▶ _Activity_
Repeat the records below exactly. Omit the pictures.
************
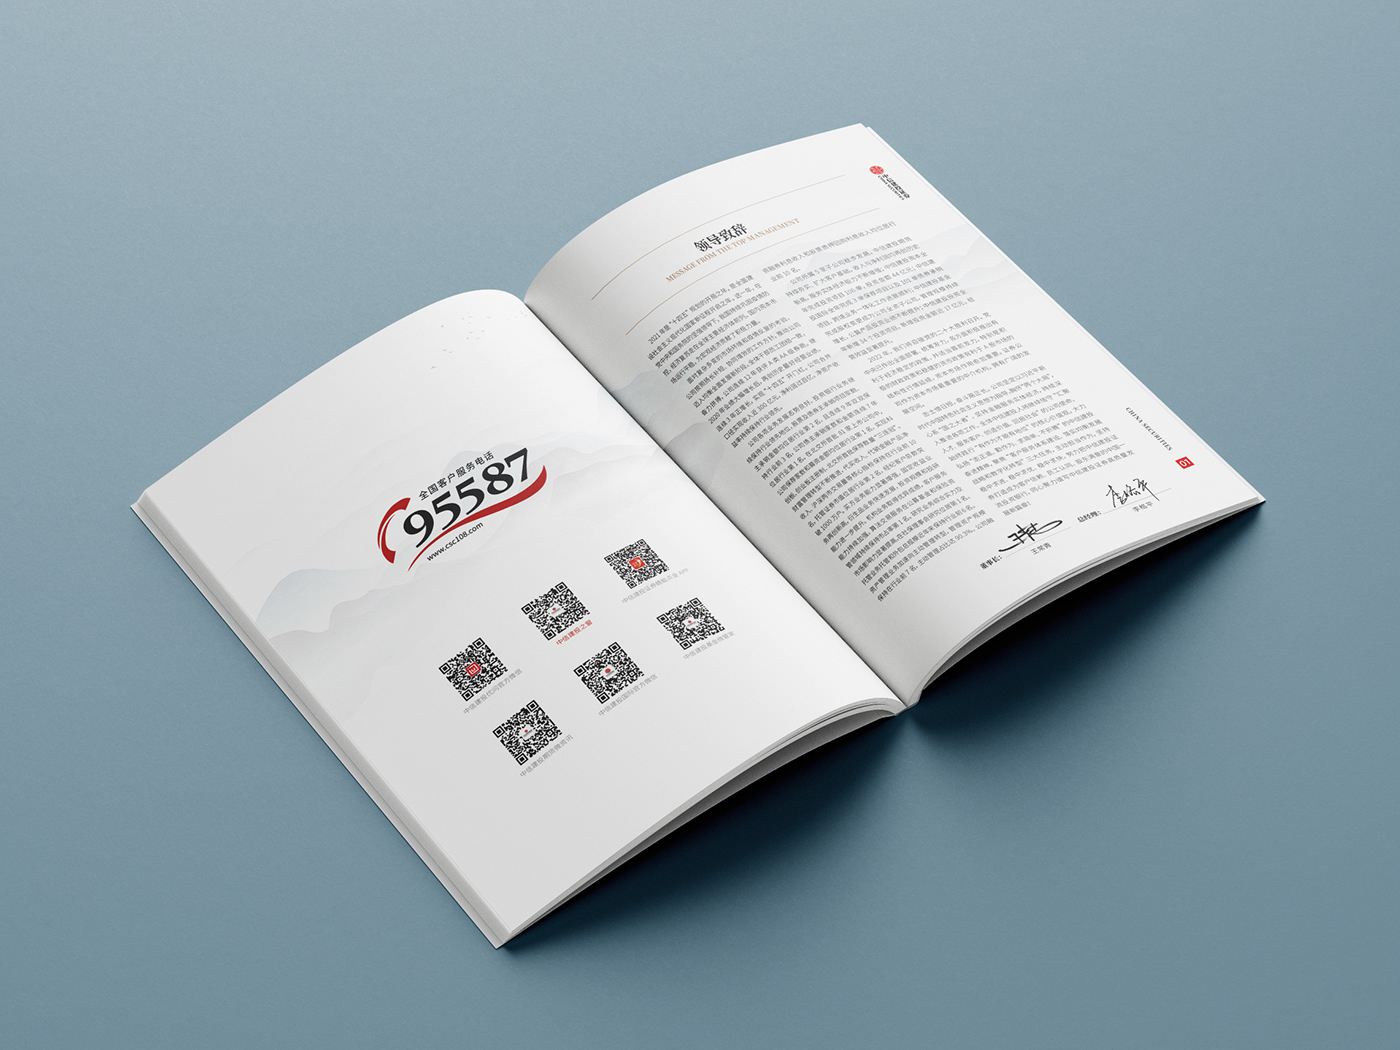 中国风画册 企业画册 宣传册 平面设计 手册 排版 版式设计 画册 画册设计
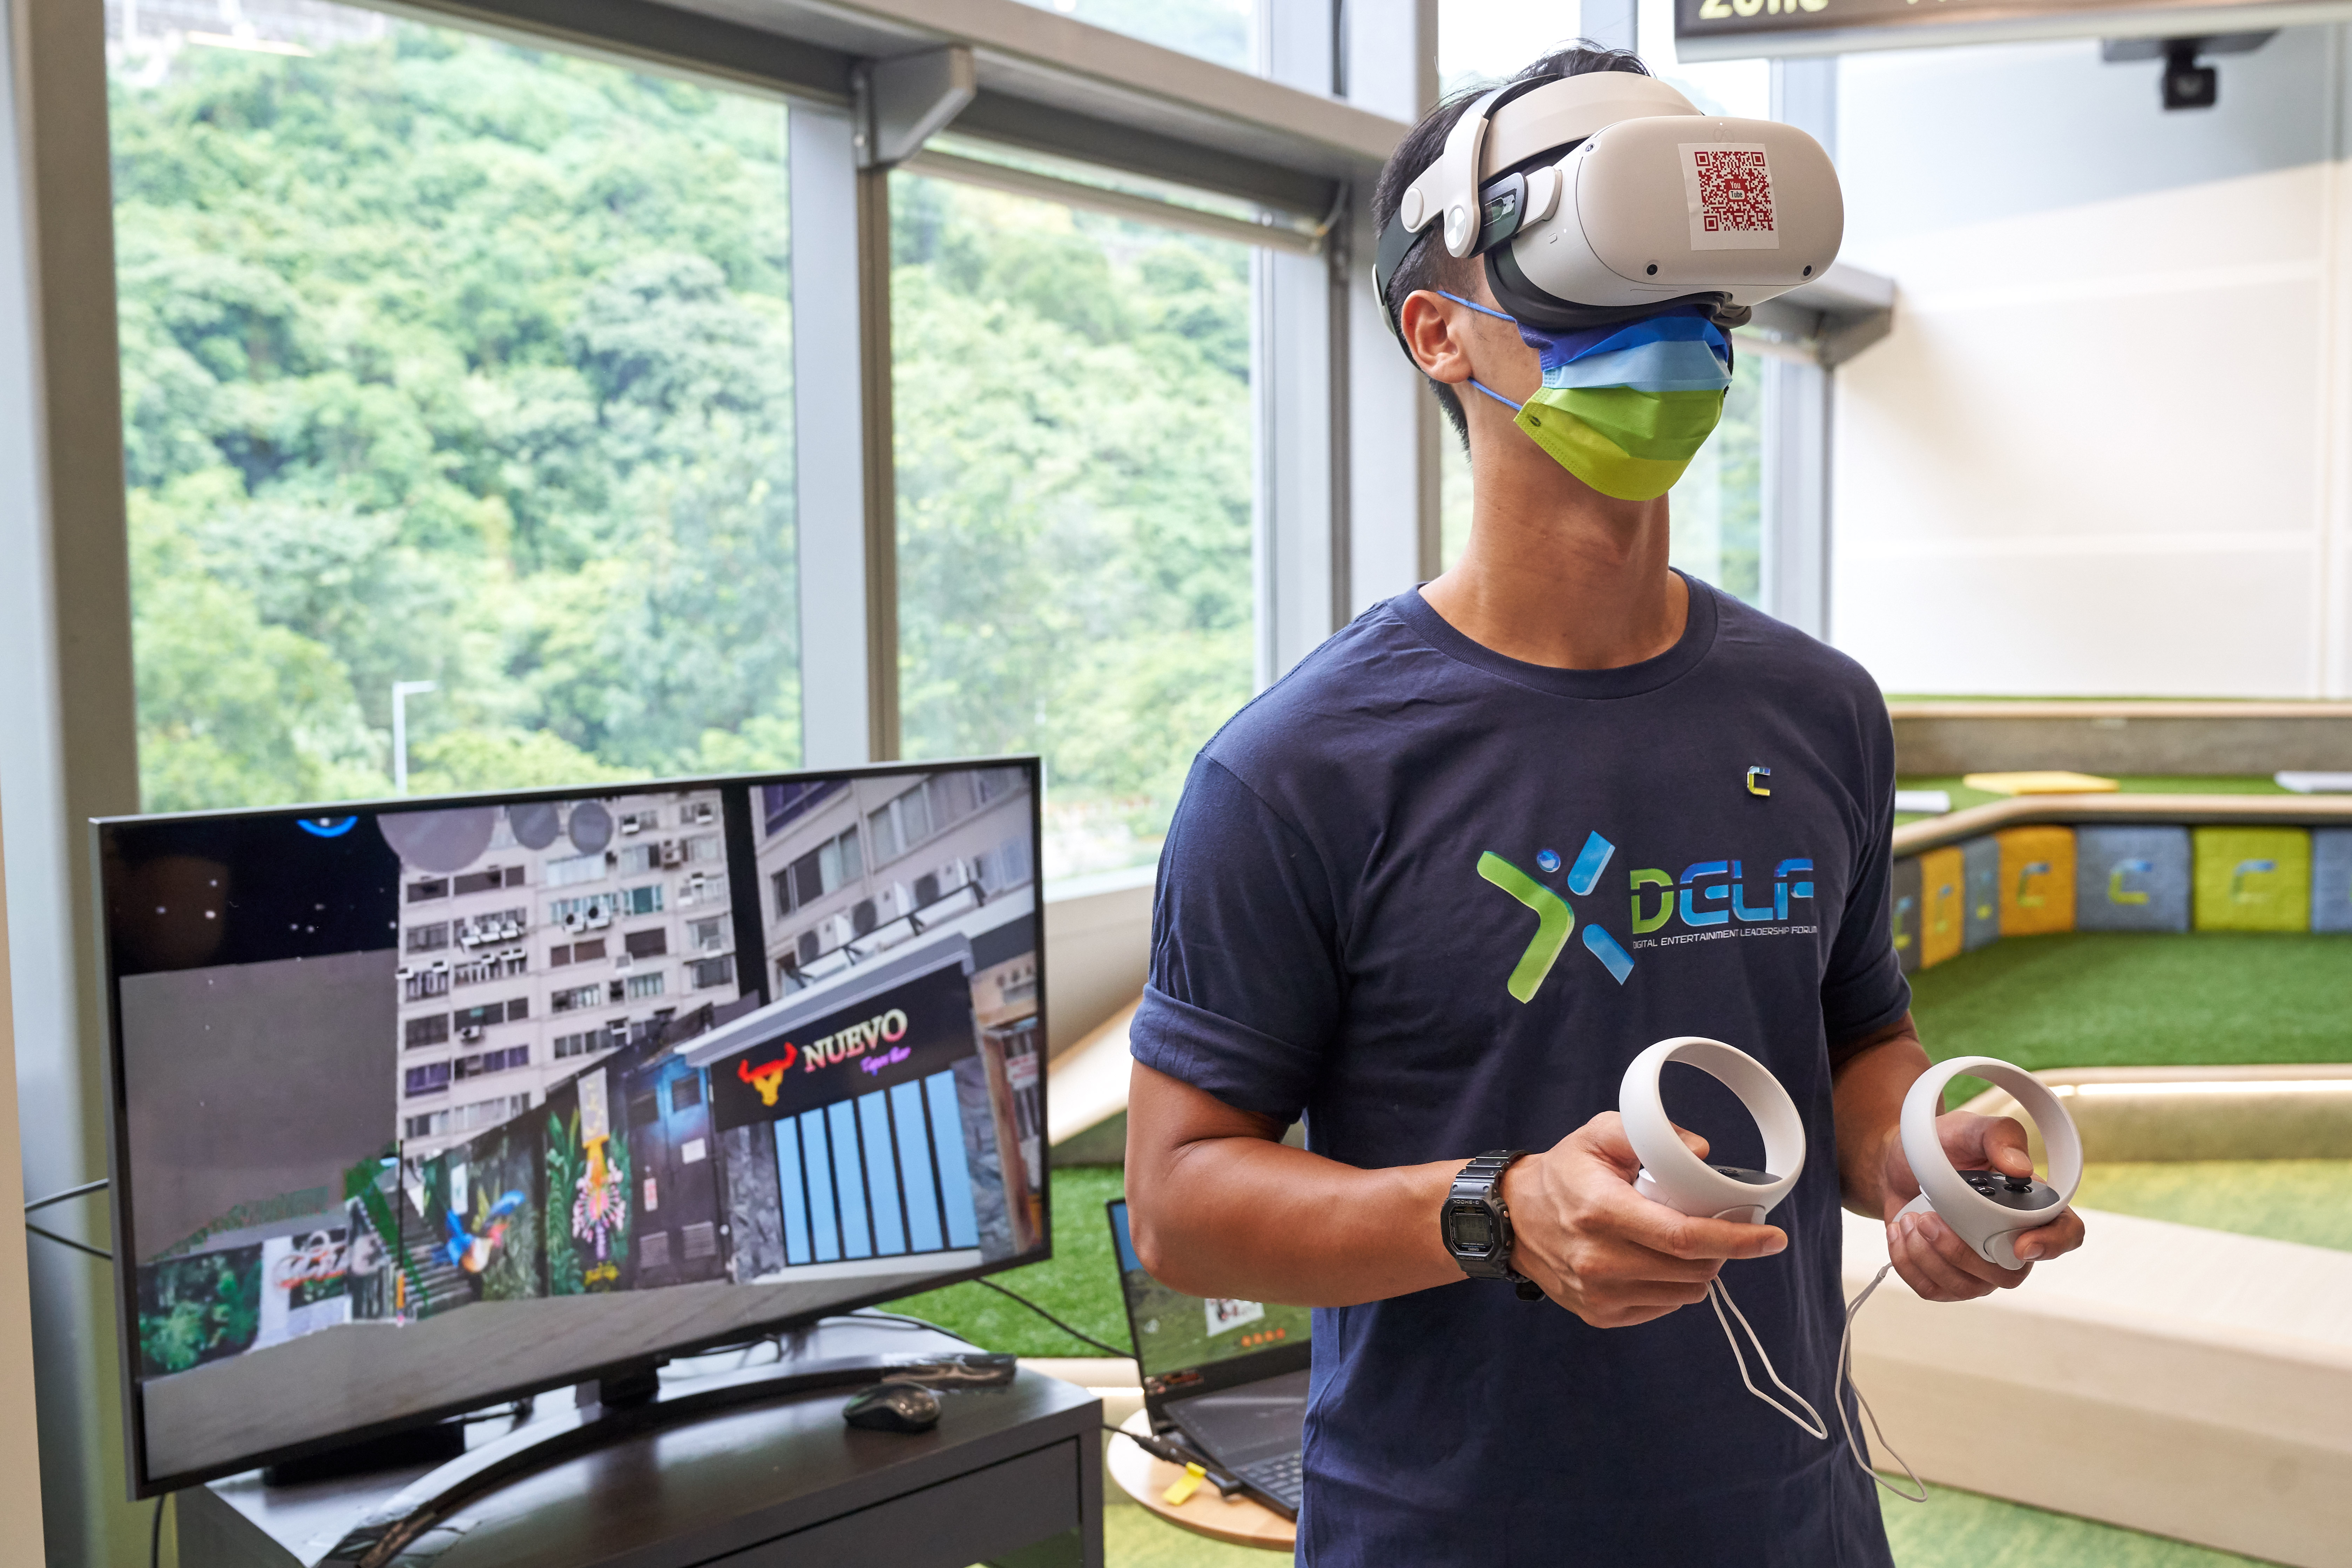 “元宇宙博览馆”戴上VR设备，进内元宇宙沉浸式游览香港昔日街景及观看艺术展。
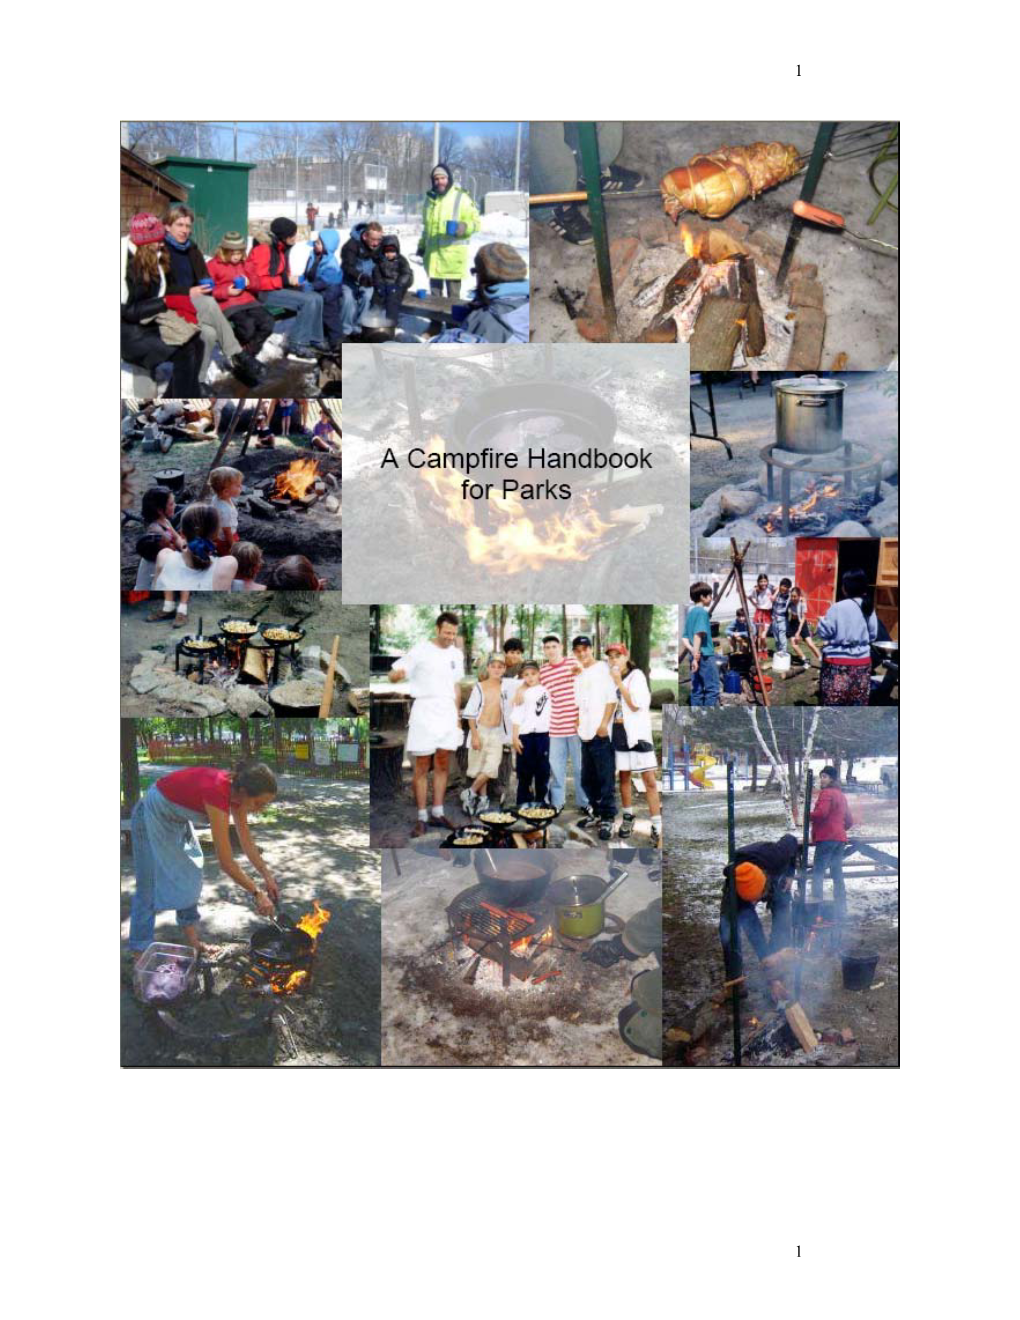 A Campfire Handbook for Parks
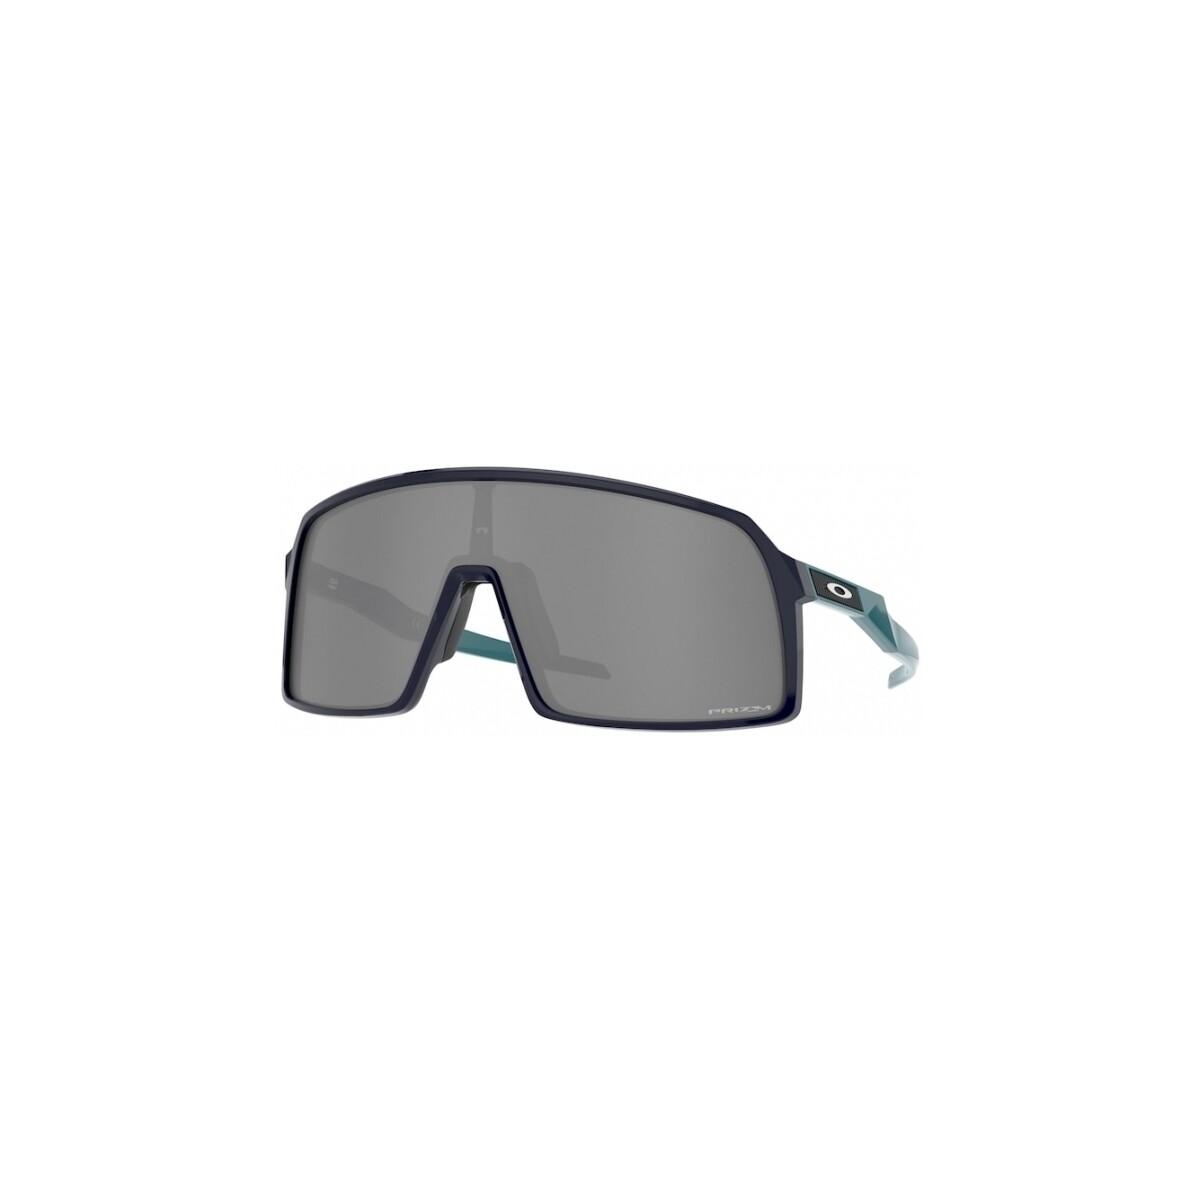 Orologi & Gioielli Uomo Occhiali da sole Oakley OO9406 SUTRO Occhiali da sole, Blu/Nero, 37 mm Blu
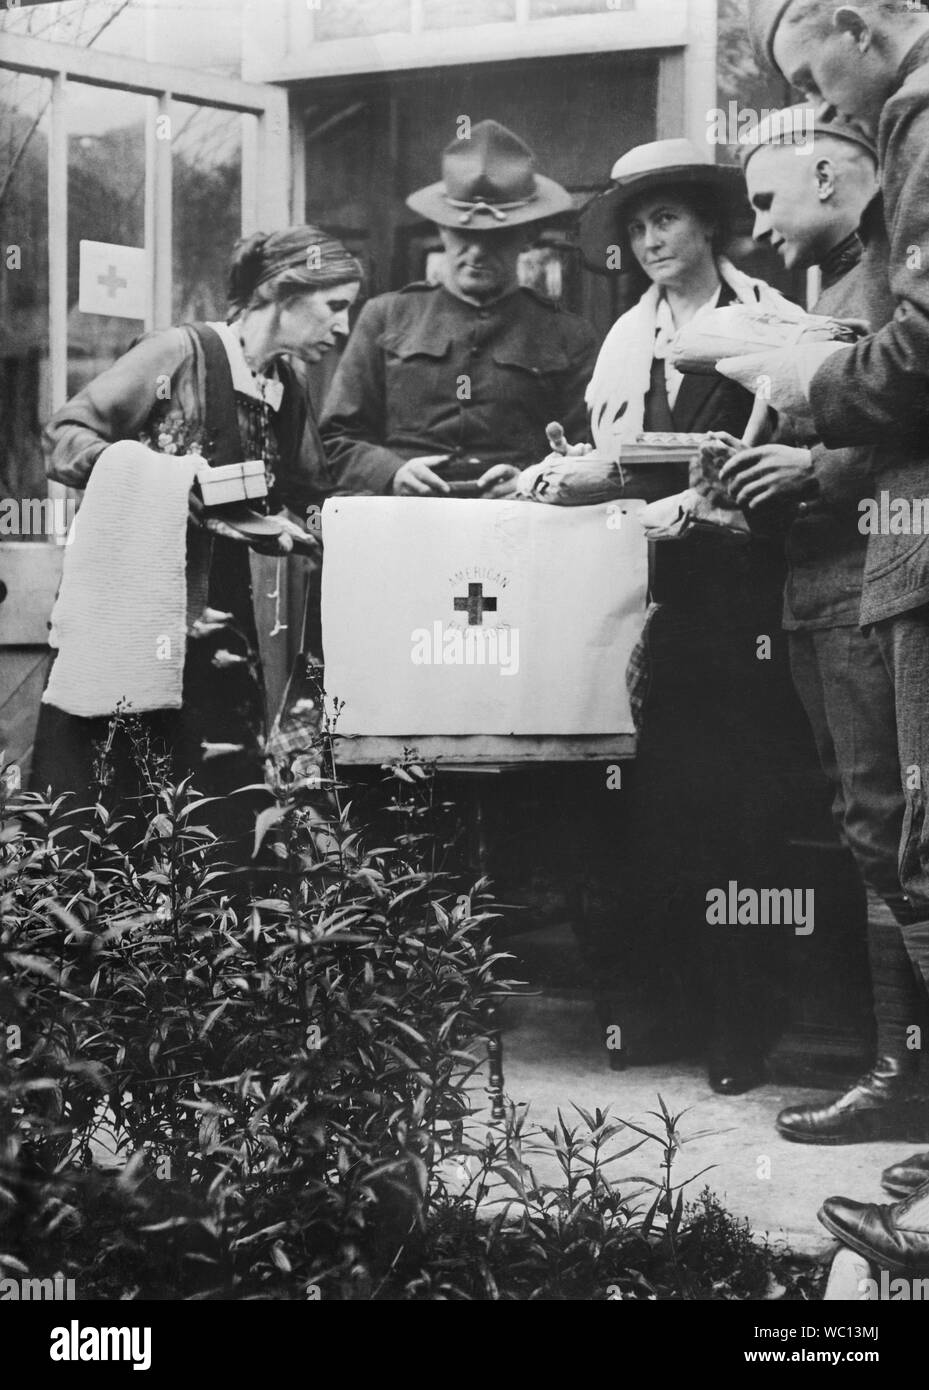 Amerikanische Armee Leutnant Robert E. Lee die Aufsicht über die Verpackung des Roten Kreuzes Care Paket von Frauen des Amerikanischen Roten Kreuzes Pflege Ausschuss, Newcastle, England, Großbritannien, Fotografie von American National Red Cross, November 1918 Stockfoto
************
▶ _Result_
 中国风画册 企业画册 宣传册 平面设计 手册 排版 版式设计 画册 画册设计
 “元宇宙博览馆”戴上VR设备，进内元宇宙沉浸式游览香港昔日街景及观看艺术展。
 A Campfire Handbook for Parks
 Orologi & Gioielli Uomo Occhiali da sole Oakley OO9406 SUTRO Occhiali da sole, Blu/Nero, 37 mm Blu
 Amerikanische Armee Leutnant Robert E. Lee die Aufsicht über die Verpackung des Roten Kreuzes Care Paket von Frauen des Amerikanischen Roten Kreuzes Pflege Ausschuss, Newcastle, England, Großbritannien, Fotografie von American National Red Cross, November 1918 Stockfoto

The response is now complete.